• Task goal: In the records that follow, find the line with "Gaga Illustration - ladygaga, gaga"; from there, retype every line exactly through the line with "Μια νύχτα στη", which also belongs to the answer.

• Dataset:

[Start of Attachment]

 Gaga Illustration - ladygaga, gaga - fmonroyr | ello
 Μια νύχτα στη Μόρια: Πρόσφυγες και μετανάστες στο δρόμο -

[End of Attachment]
[Start of Attachment]

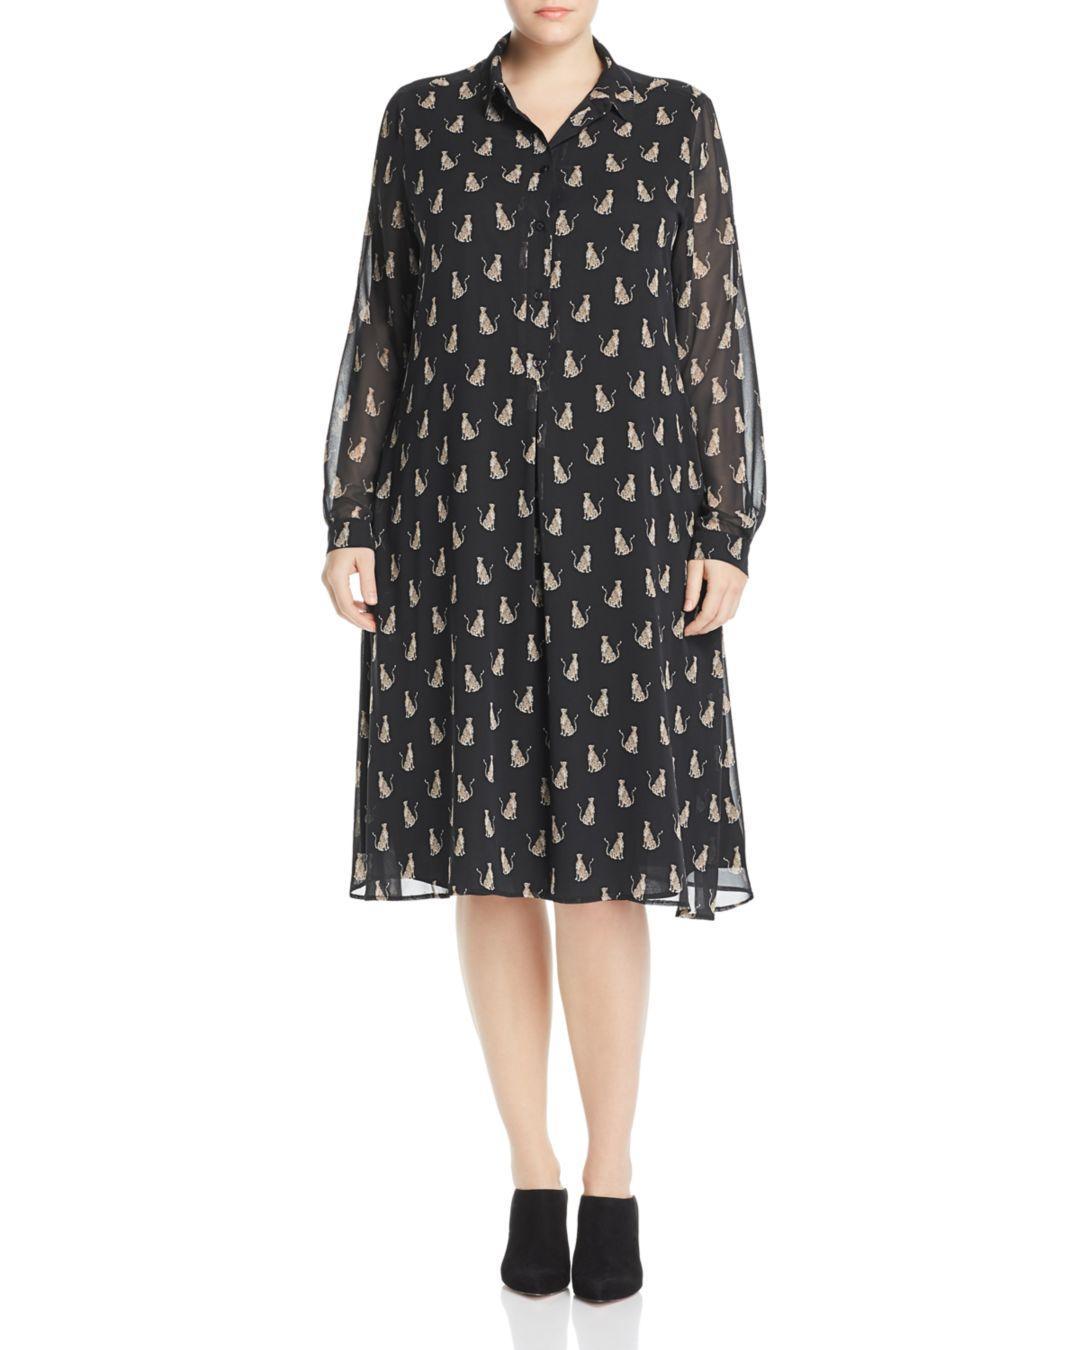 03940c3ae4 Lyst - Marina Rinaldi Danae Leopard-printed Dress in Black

[End of Attachment]

• Response below:
 Gaga Illustration - ladygaga, gaga - fmonroyr | ello
 Μια νύχτα στη Μόρια: Πρόσφυγες και μετανάστες στο δρόμο -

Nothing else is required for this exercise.